Lance tried again, having the sinking feeling that the effort was doomed to failure. He already knew where arguing with Melanie got him. Nowhere. And he had a strong suspicion that it was a hereditary trait. “This is too generous.”

Money was only good for the happiness it could generate. There was no way she was going to let either one of them turn her gift down. “I have only one daughter, Lance. And, as of one o’clock this afternoon, only one son. I can’t think of anyone I’d rather spend my money on than the two of you. Besides, you can’t refuse a wedding gift, it’s bad luck.”

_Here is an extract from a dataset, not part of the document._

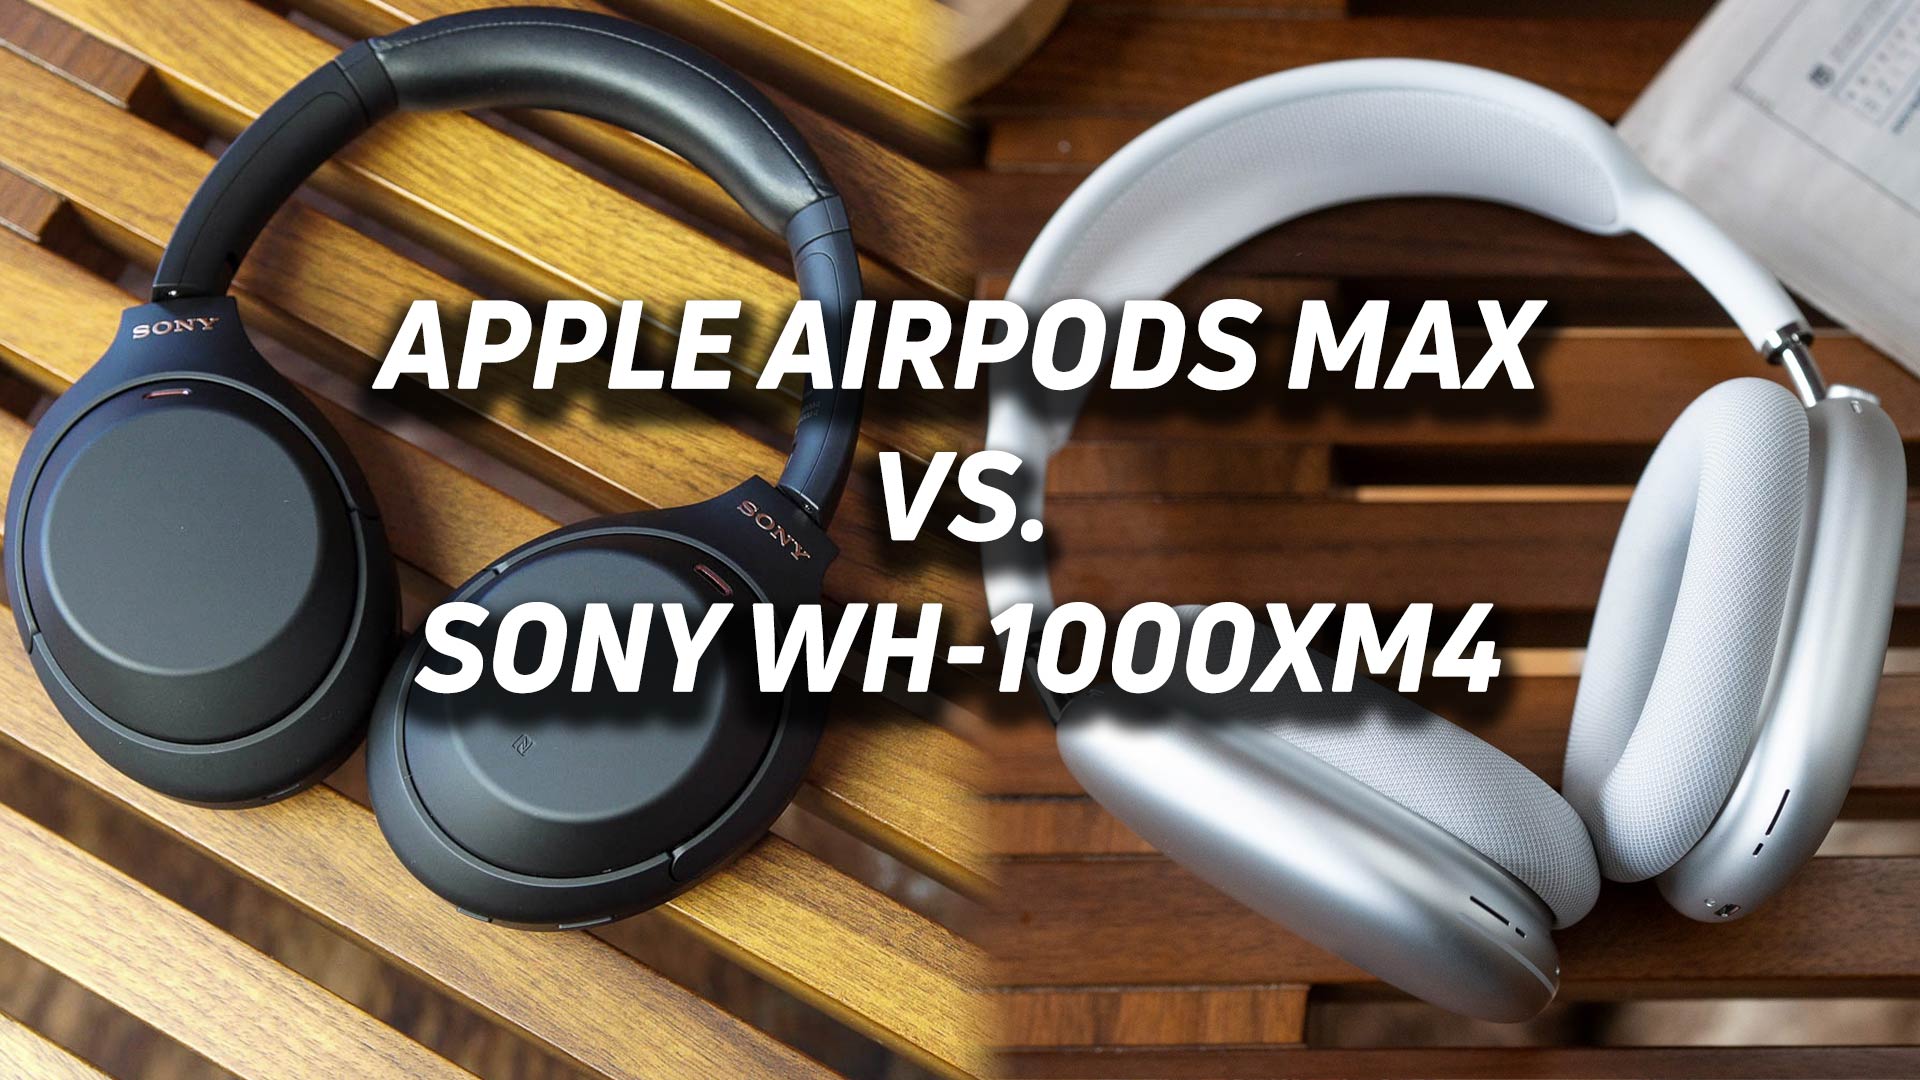 A blended image of the Sony WH-1000XM4 and Apple AirPods Max.

Melanie placed one hand on her hip, suppressing a smile. When she was a little girl, her mother used to get her to do things by telling her that if she refused, it was bad luck. There was always a legend or fable that reflected the situation attached. She was fourteen before she realized that her mother had made all the fables up. “Another legend I don’t know about?”

Nostalgia surged through Margo. “As a matter of fact, yes.”

Lance opened his mouth, but Melanie stopped him. “Don’t bother. Nobody’s ever managed to talk Mama out of anything once she makes up her mind.”

He’d kind of figured that out on his own. “I wasn’t going to talk her out of it, I was just going to say thank you.” Lance looked at Margo, then with a smile, added, “Mom.”

There had to be something in the air today, some allergen that kept making her eyes tear up. Margo blinked twice, struggling not to let a single drop slip down her cheek. “Don’t mention it,” she murmured, embracing him.